IMF report for Geece

Πέμ, 13/06/2013 - 20:15

The Wall Street Journal


March 16, 2012, 11:47 p.m. ET

IMF Report Offers Bleak Outlook for Greece


WASHINGTON—An International Monetary Fund staff report warned that Greece's loan program faces "exceptionally high" risks and said Athens may need further debt restructuring and additional financing that Europe should cover.

"A disorderly euro exit would be unavoidable" without continued support, fund staff said in the report.

The report was released a day after the IMF's executive board approved a €28 billion ($36.9 billion) loan for the country. The program is part of a larger bailout package that includes bailout cash from the European Union and a restructuring of Greek government debt held by the private sector.

The 231-page staff report, written by IMF economists, painted the bleakest picture yet of Greece's outlook. The report outlines fund's strategies on Greece and details risks involved in returning Greece back to economic health.

IMF staff said Greece can't absorb any adverse shocks or program failures, otherwise risking much higher debt levels. Officials are particularly concerned about the ability of Athens to politically deliver on the tough economic-overhaul policies Greece promised to win more than €200 billion in loans and debt forgiveness. In the near term, fund staff are concerned that forthcoming elections in Athens may mean new leaders aren't as committed to overhaul policies.

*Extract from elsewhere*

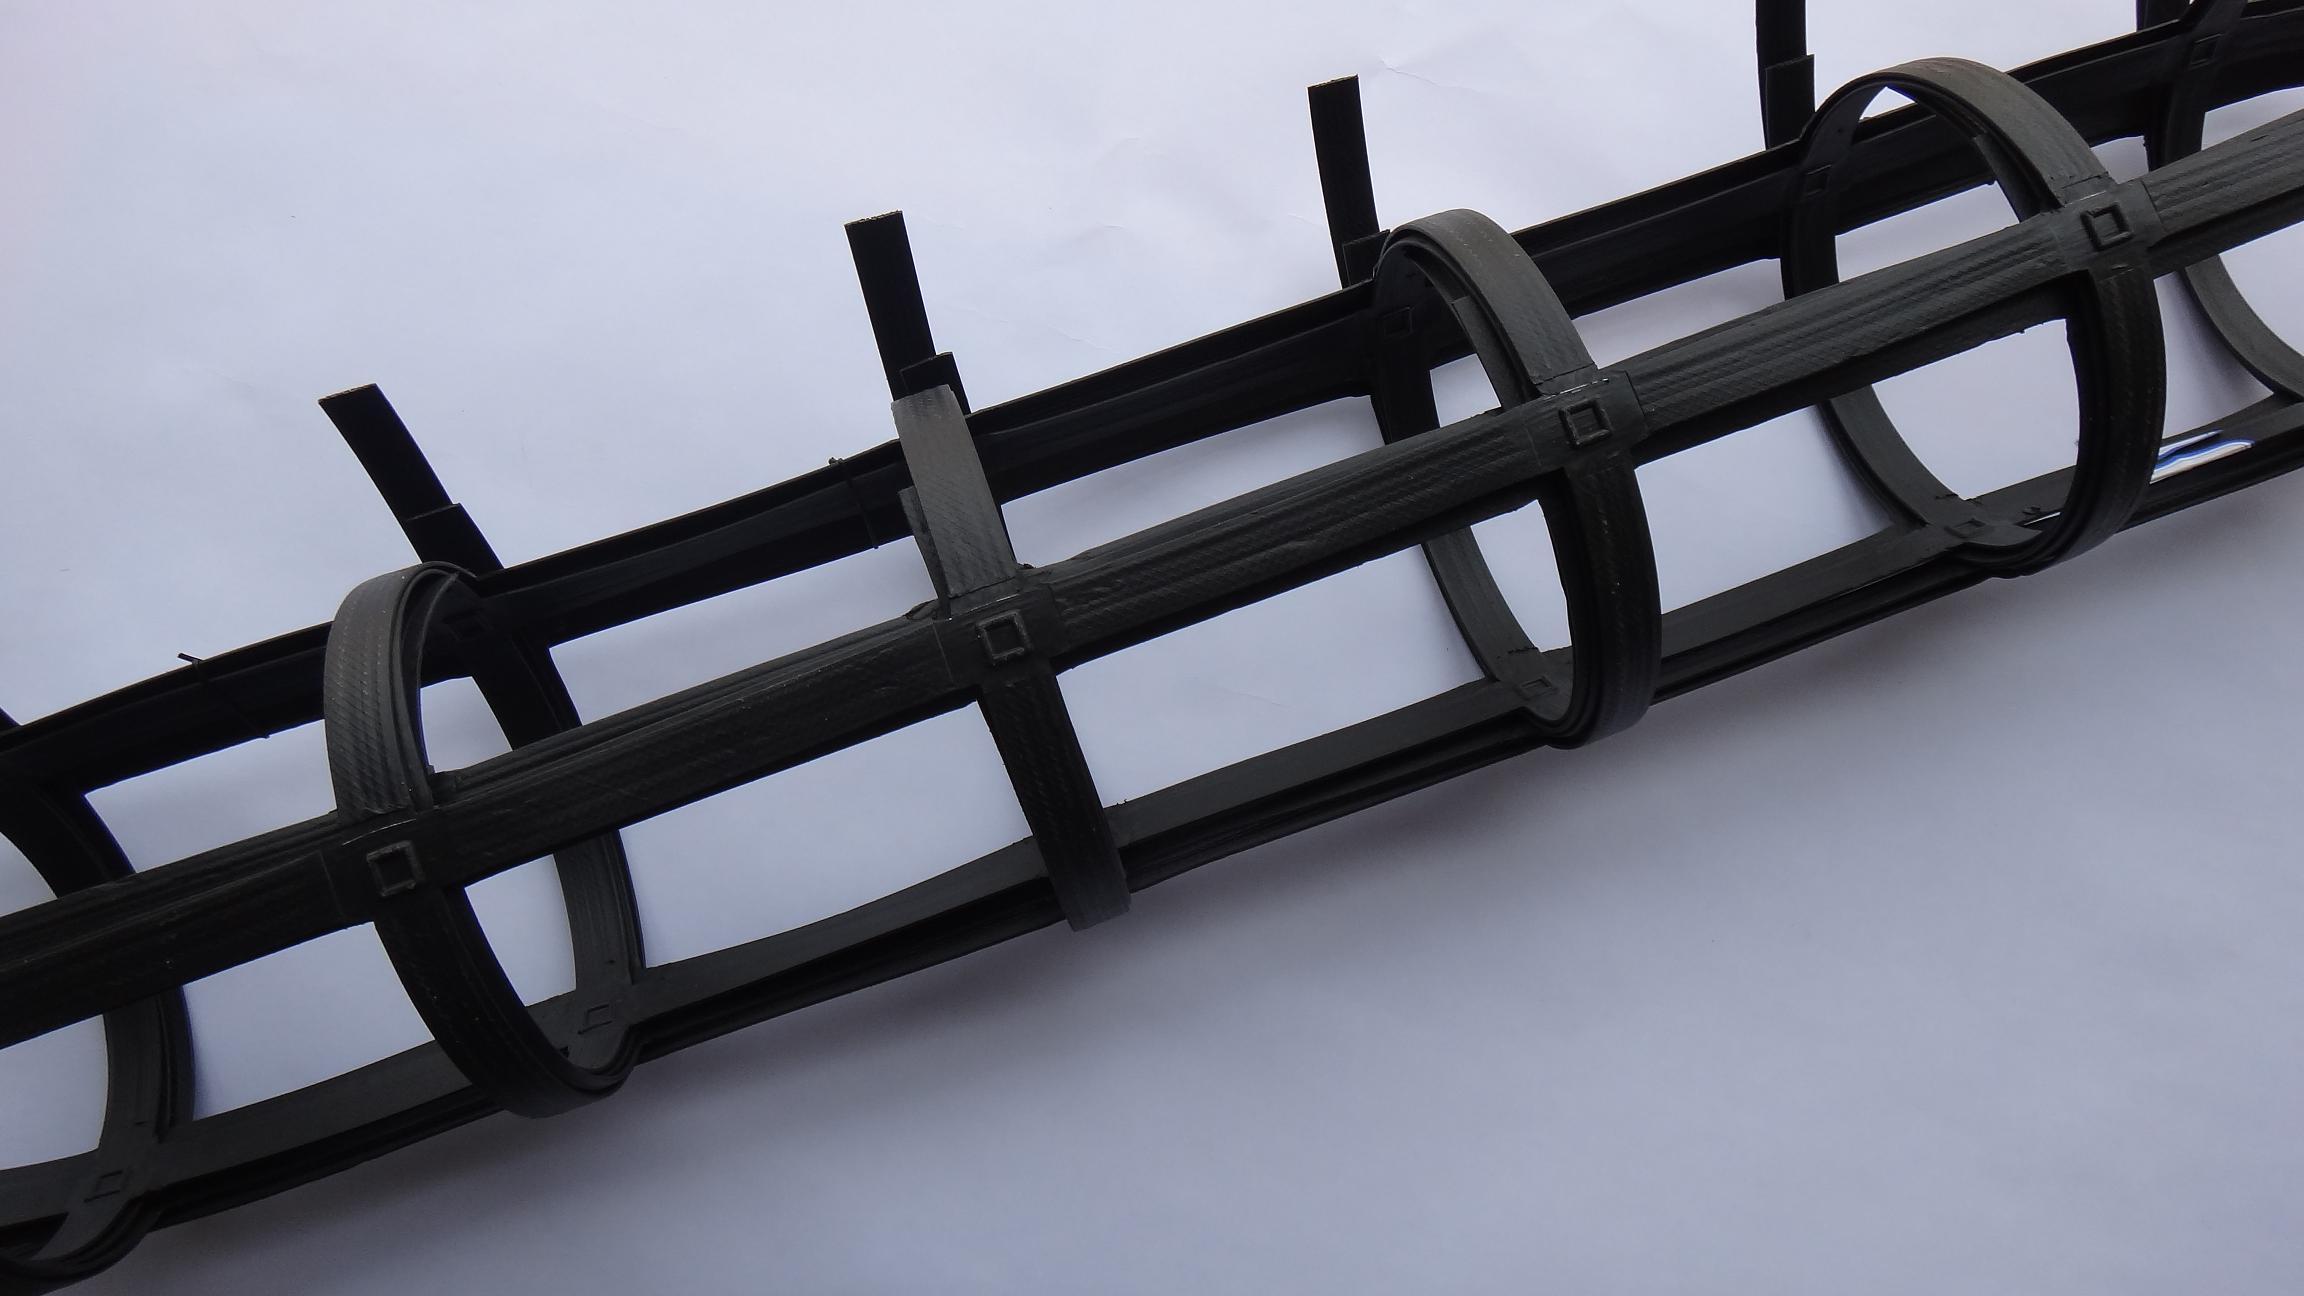 在软弱地基上利用土工合成材料加筋可防止地基沉降

"Materialization of these risks would most likely require additional debt relief by the official sector and, short of that, lead to a sovereign default," IMF staff said.

Given the challenges and Athens's track record of failing to meet targets under its old loan program, the new loan package "is subject to exceptional risks," they said. "Greece will remain accident prone," with debt expected to remain so high for a long time.

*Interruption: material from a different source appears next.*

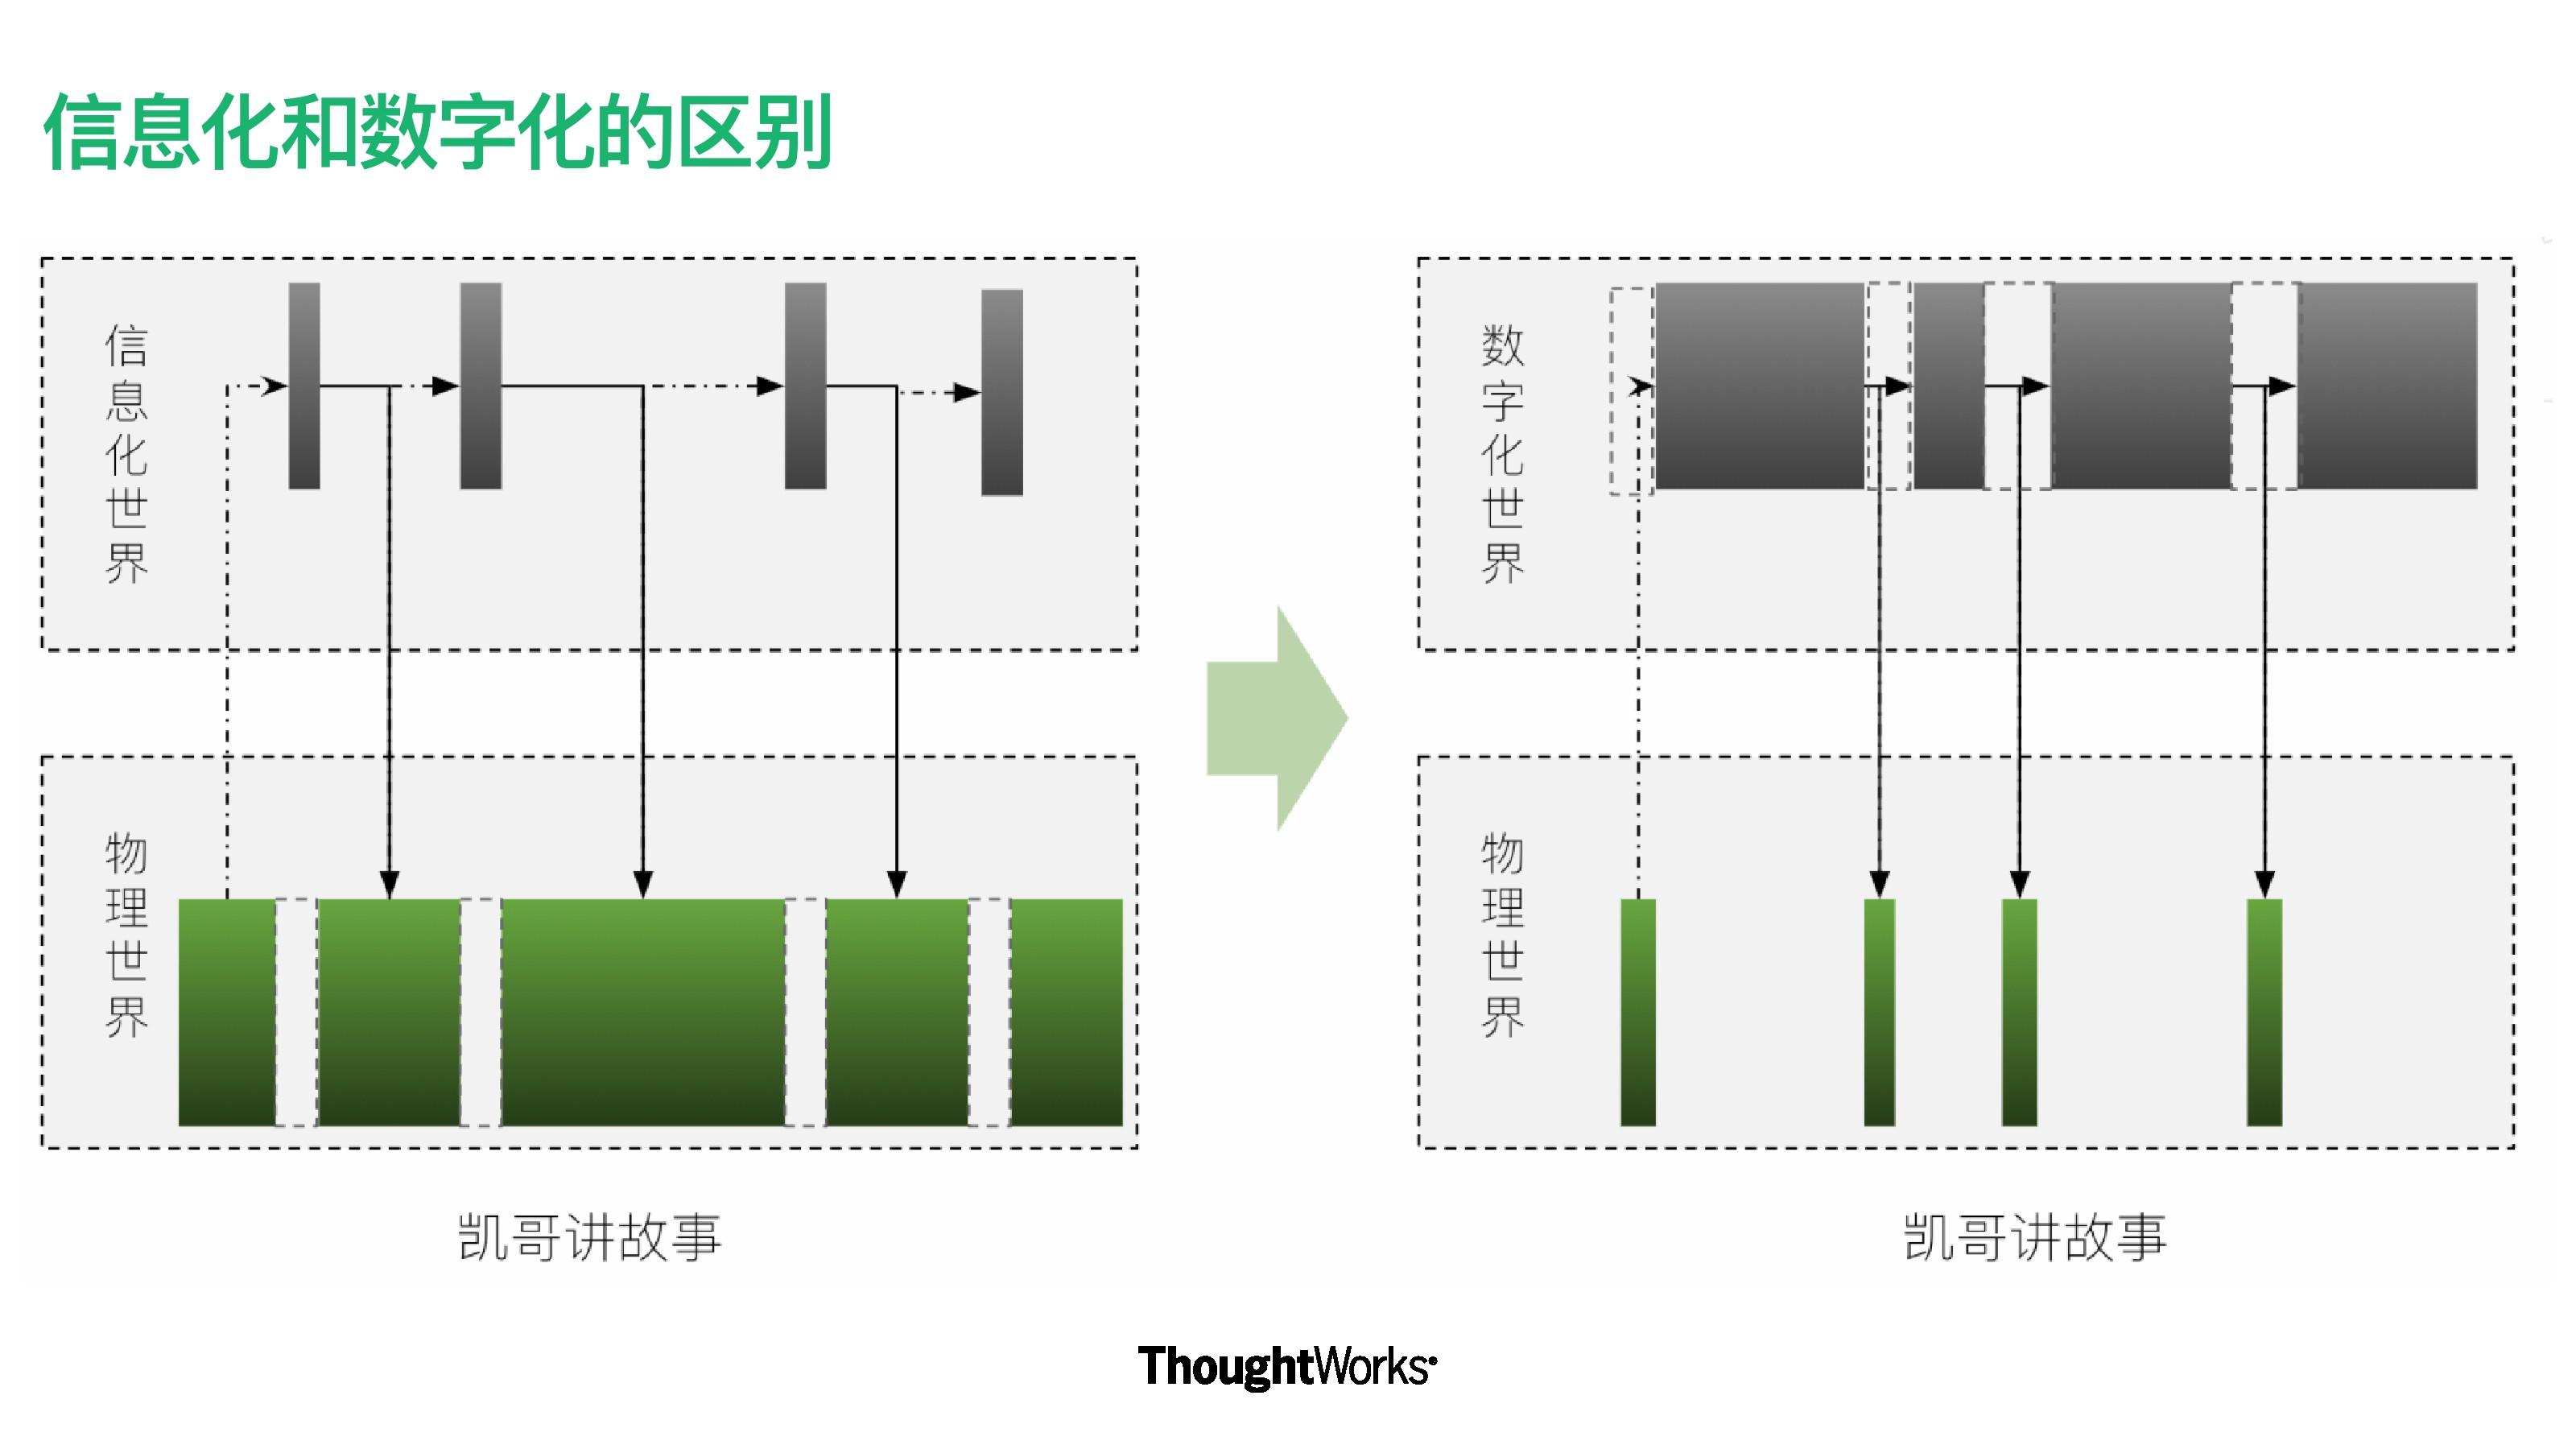 凯哥讲数字化:一张图看懂信息化和数字化的本质区别

Even if Greece follows through on its commitments, the country may still need up to €13 billion more than promised by Europe and the IMF through the first quarter of 2016, staff said.

The IMF report warned that even if Greece implements the program fully, it could take more than a decade for the country to fix its competitiveness problem. Staff said the long recovery period was partially caused by the limits of the debt swap with private bondholders and the decision for the European Central Bank to avoid restructuring its own holdings of Greek government bonds.

"Commitment by Greece's European partners to continue to provide support until [market] access is restored, provided that Greece continues to implement and adhere to program policies, is crucial," IMF staff said.

Several senior officials at the fund have said the Greece loan program simply buys time for other ailing euro-zone countries to put their economies back on a healthy path and for banks to insulate themselves against a worsening of the debt crisis. The fund is urging euro-zone leaders to boost the size of its general bailout fund by at least half and to use some of that cash to bulk up banks' capital defenses.

—Stelios Bouras in Athens contributed to this article.